Electrolux is already involved in Smart Grid technology in a number of European countries including Sweden.
Intelligent appliances are becoming more common as we see increasing numbers of products on the market that are reactive and adaptive to human behaviour (such as TV systems that can recommend programmes you might like based on your viewing habits etc). Do you think we will see the same developments in household appliances?
SM. We see that development already. For example, the user of an Electrolux Inspiro oven only has to load in the content and push a button. It then calculates the precise combination of energy consumption and time needed to bring the food to the correct temperature. It also chooses the cooking mode or combination of modes needed and specifies the proper rack for the content.
Every year Electrolux runs a global design competition open to undergraduate and graduate industrial design students who are invited to present innovative ideas for household appliances of the future. Have you come across any designs that you think could, or will, make it into production?
SM. In Electrolux Design Lab we are presented with many fantastic solutions from all over the world every year. Some of the designs have been an inspiration to us when taking products to market. As long as the solutions are relevant to consumers, some of the products may definitely end up on the market.
The 2010 edition of the Electrolux Design Lab competition focused on creative solutions for compact living. As you mentioned, populations are growing and houses are getting increasingly smaller, so what effect will this have on home appliances?
SM. With urbanization, growing populations and smaller spaces in our homes, the appliances need to be even more efficient in size and performance. In Japan for example, where living space is limited, Electrolux recently launched a vacuum cleaner that has similar performance to our vacuum cleaners in other parts of the world, but at the same time it is particularly small in size.

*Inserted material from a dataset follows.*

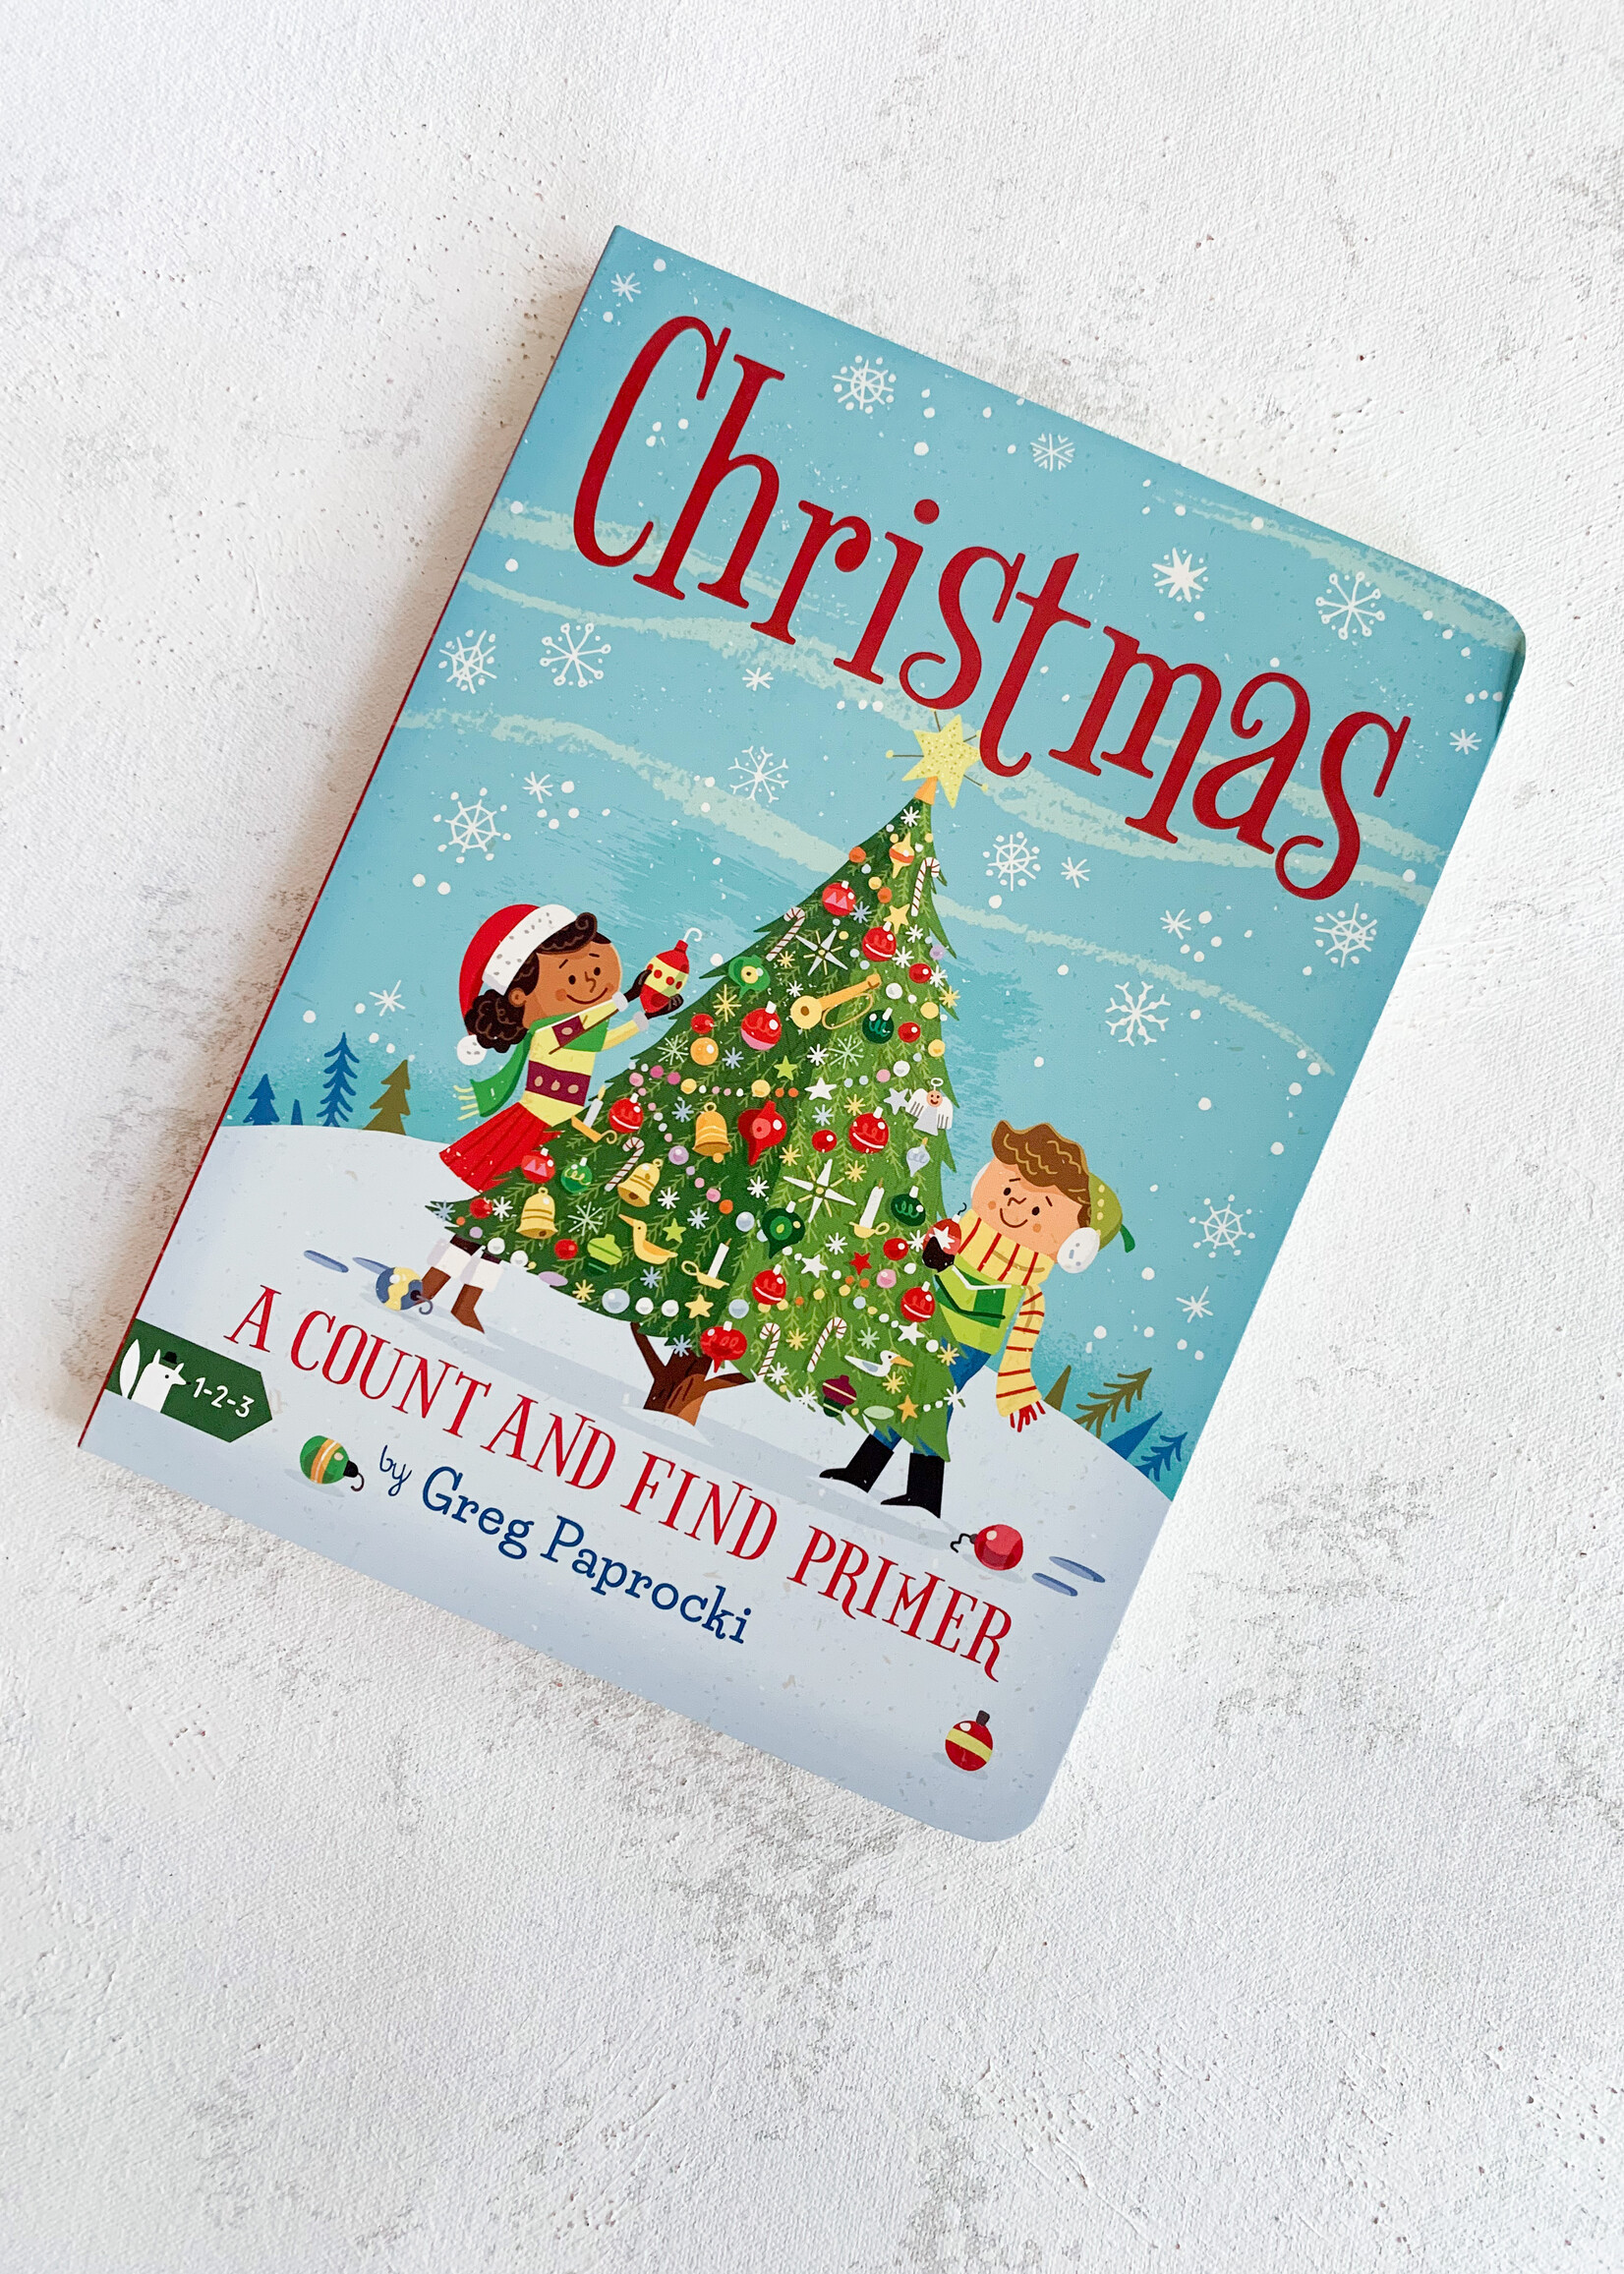 Elitaire Petite Christmas A Count and Find Primer

The brief for Electrolux Design Lab 2012 challenges design students to draw inspiration from professional experience creators – such as chefs, architects, interior designers, hotel designers – to design home appliances that will provide a fuller sensory experience. Can you explain this?
SM. Chefs and creators use our appliances to achieve an even more fulfilling end product– a total gastronomic experience. The end result has to be perfect in so many aspects that they have to visualise before starting. They don’t have any construction plan to get there, but have to go entirely on their feeling and experience. That way, I think chefs are the complete designers. Therefore designers not only must understand them. We can also get a lot of inspiration from them and we want design students entering Electrolux Design Lab to do just that – create home appliance designs that will provide a fuller sensory experience.

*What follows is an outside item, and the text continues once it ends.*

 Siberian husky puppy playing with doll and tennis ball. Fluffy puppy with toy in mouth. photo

The Cube by Electrolux is an excellent example of this. Here, the ‘tools’ provided by Electrolux allow the chefs to create the best possible experience for the guests.
What developments would you personally most like to see when it comes to household appliances?

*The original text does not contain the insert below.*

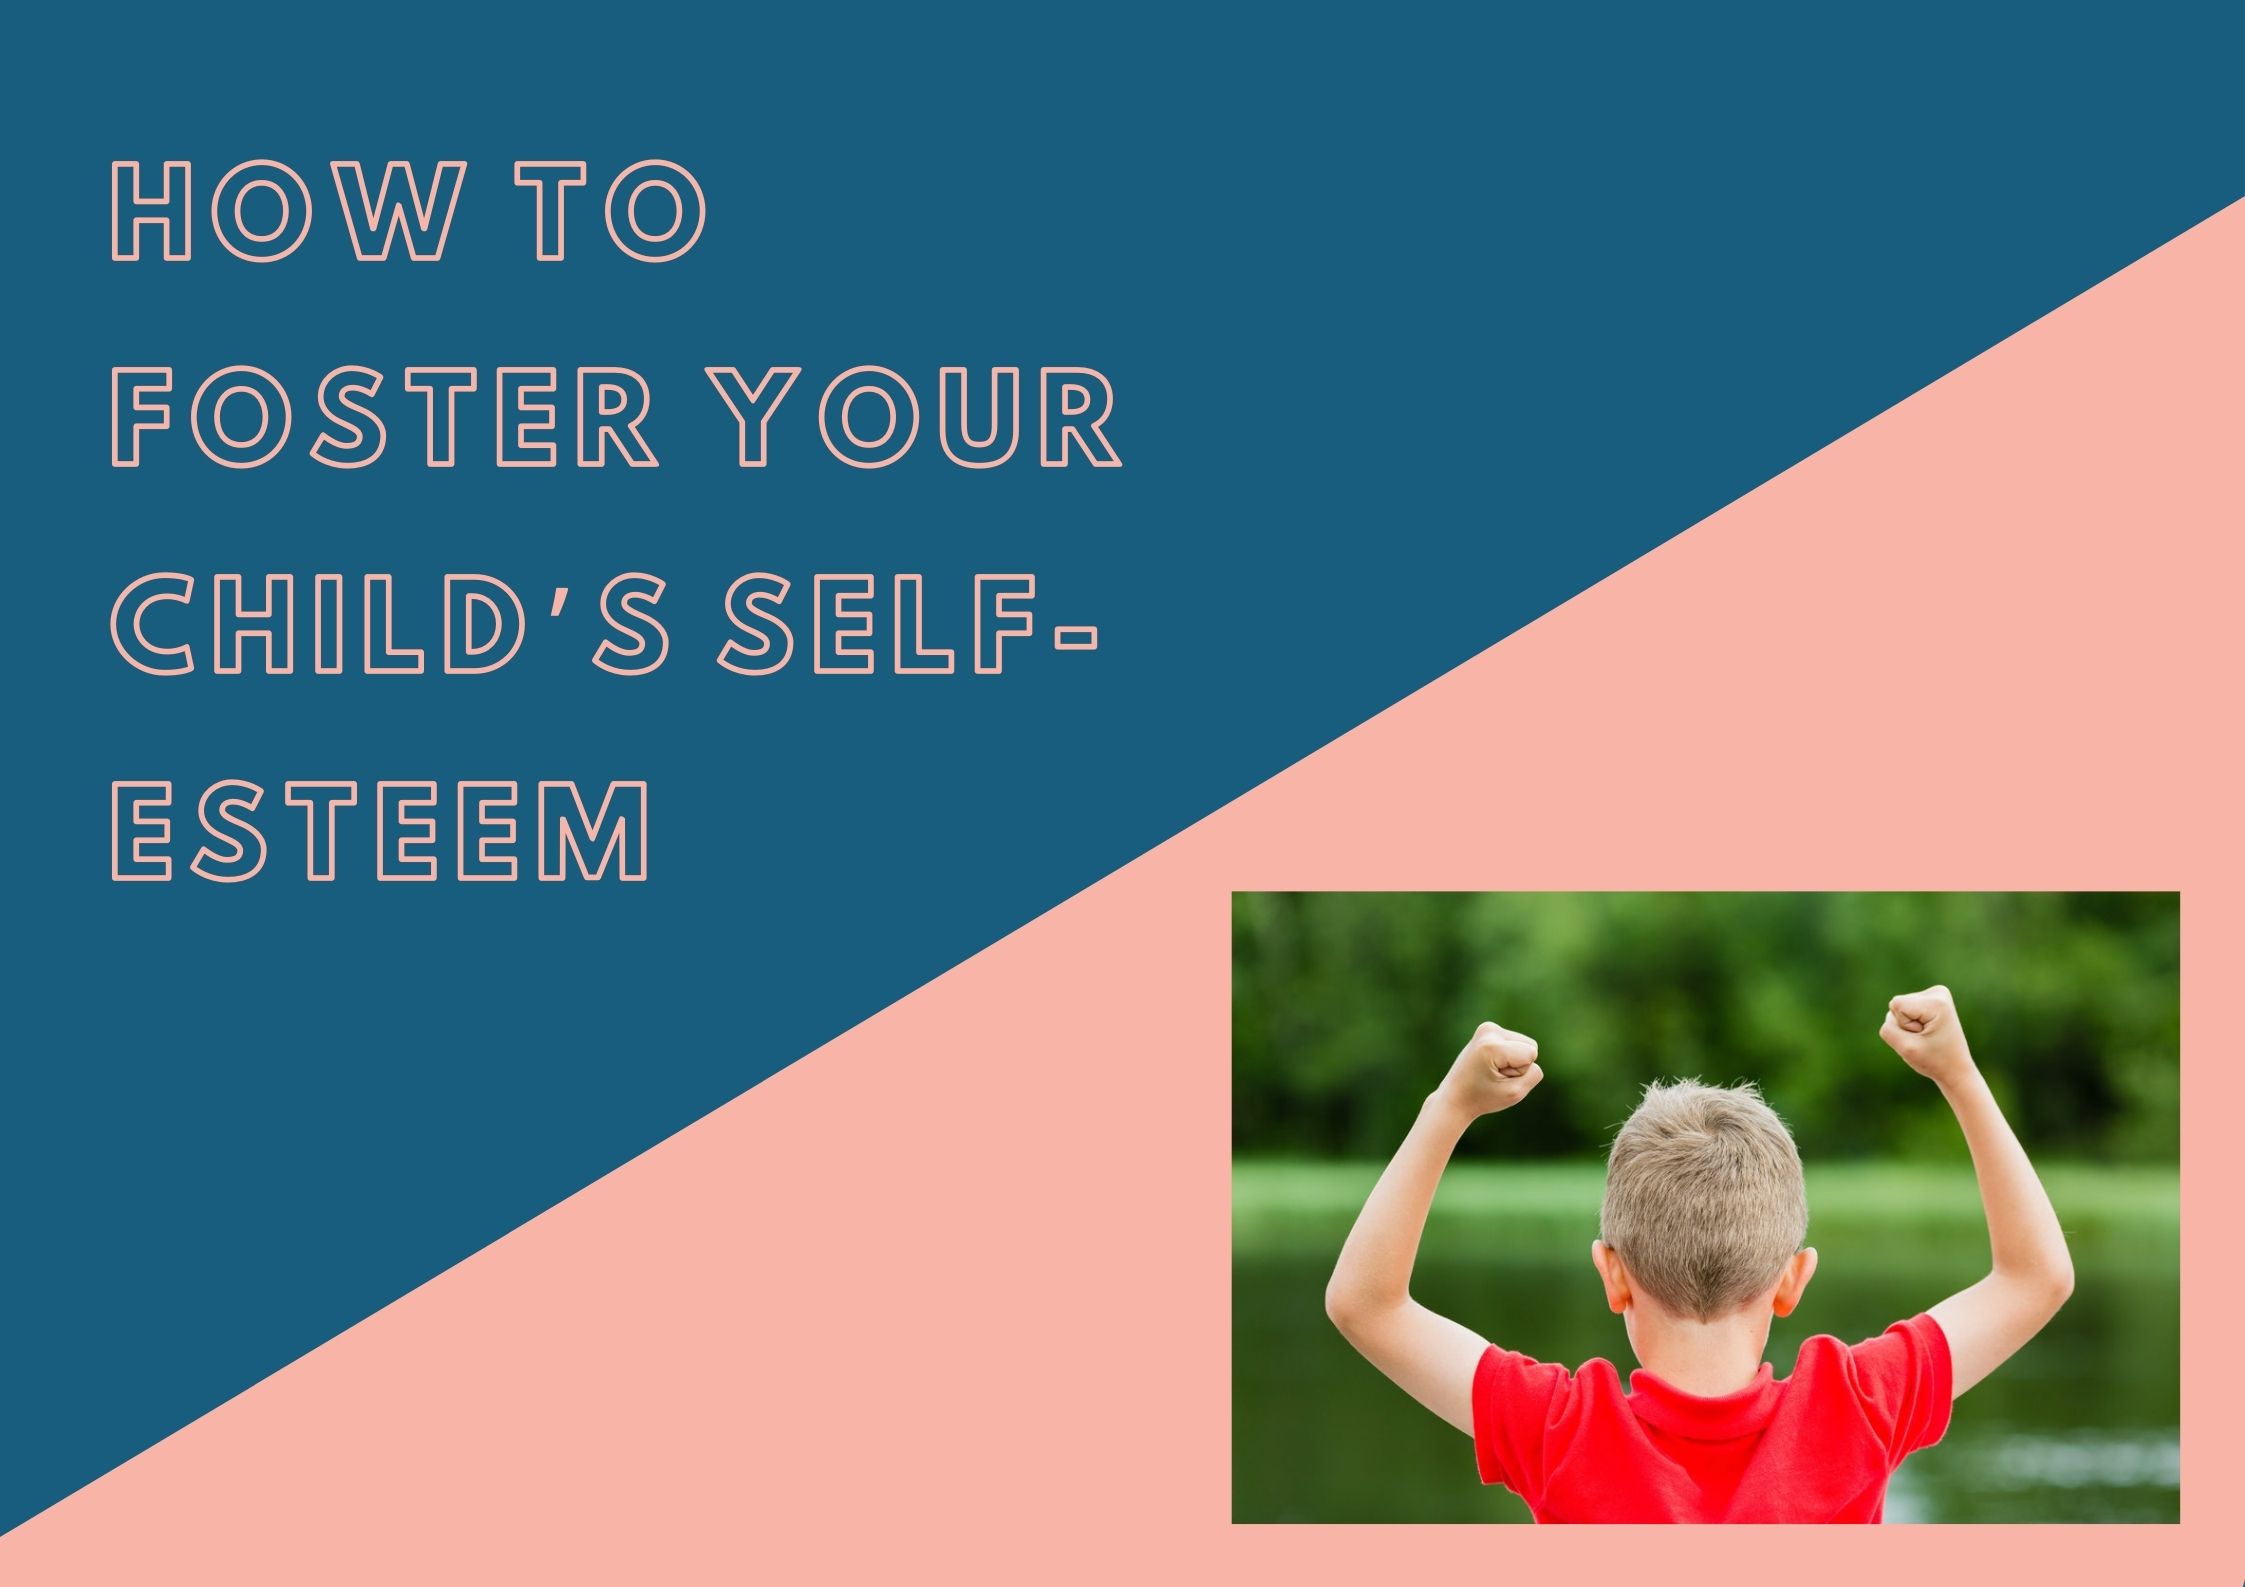 How to foster your child’s self-esteem

SM. As I am very interested in cooking and fascinated by Electrolux’s strong connections to chefs, I am at the moment spending a lot of time exploring the interface between appliance design and the culinary world. I hope to see even more professional technologies used in consumer products. I want kitchen appliances to be tools for the full food experience – not only taste, but also smell, sound, and aesthetics.
Below is a short animation showing the Electrolux Heart of the Home kitchen concept. It is a thought provoking vision of the kitchen of the future – an integrated solution functioning as a kitchen table, cooking surface and bar all in one.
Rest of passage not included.